Why we have a beef with the new anti-rustling laws, and perhaps you should too (2 of 2)

The Government created new anti-rustling criminal offences by adding them late in the law-making process, bypassing the normal process for public consultation. This post raises questions about the merits of the offences.

Colin Gavaghan and Simon Connell, Otago Law Faculty

This post continues our discussion of the new criminal offences aimed at livestock rustling. In the first, we raised questions about how they were passed into law. What about the actual substance of the change? Even if the proper process wasn’t followed in rushing these new crimes into law, isn’t the end result an improvement? 

To be honest, the absence of proper consultation makes it hard to know for sure. Consultation isn’t just a formality; it’s an opportunity for people to bring a whole bunch of perspectives, objections and suggested improvements to Parliament’s attention. We’re not aware of a “rustling lobby” that might have provided submissions directly in opposition to the farming lobby, but lots of people have an interest in the criminal law, including those who try to look out for the interests of people who are, or tend to be, prosecuted for criminal offences. We would very much like to have heard these sorts of perspectives. 

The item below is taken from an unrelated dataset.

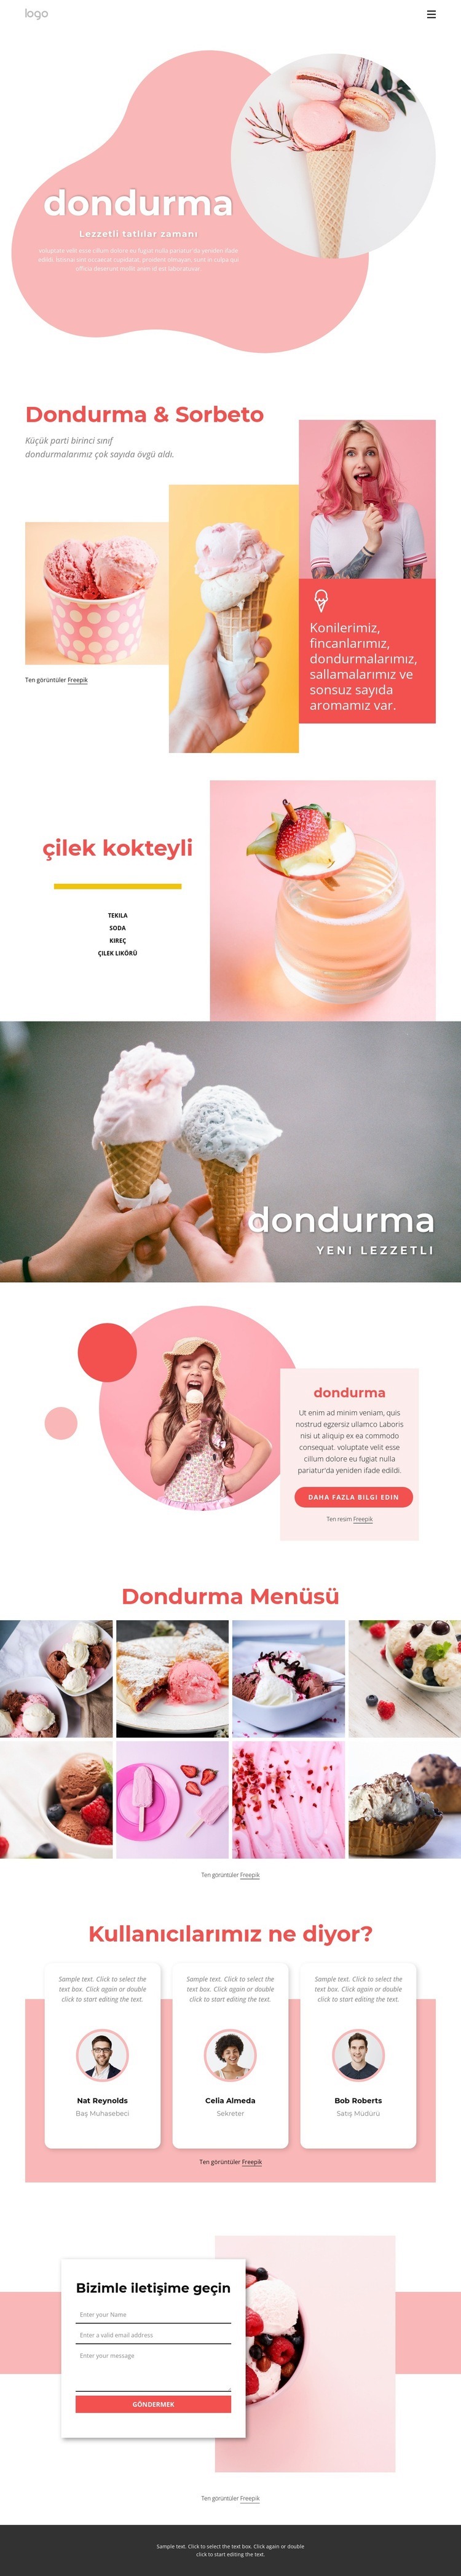 Dondurma ve Ffrozen yoğurt Web Sitesi Mockup'ı

Even without that, there are a few aspects of the new offences that seem a bit concerning. 


The offence of theft of livestock or animals

The first offence states that: 

A person commits theft and is liable to imprisonment for a term not exceeding 7 years if they steal any livestock or any other animal that is the property of any other person.

In explaining the offence, Andrew Little made the rather grand pronouncement that:

Today is a new era, where we have finally classified livestock rustling as it should be – as criminal offences in our criminal code.

 From that, you might form the impression that livestock rustling wasn’t already an offence in our criminal code. Of course, stealing livestock is already a crime. True, there wasn’t a crime specifically called ‘livestock theft’, just like there isn’t a crime specifically called ‘cellphone theft’ or ‘wallet theft’, but they are all covered by the general theft provisions of the Crimes Act.

OK, though, maybe some people think there’s something sufficiently different about stealing animals that it merits its own subsection. On its own, that would be pretty innocuous. But there’s also the matter of sentences. 


As well be hung for a sheep as a lamb

The maximum sentence for theft depends a lot on the value of what you’re stealing. If the value of the stolen property is over $1000, then it’s treated a lot more seriously. (There’s a question about whether stealing the meagre savings of a poor person is actually less serious than stealing a rich person’s luxury goods, but we can park that one for another day.)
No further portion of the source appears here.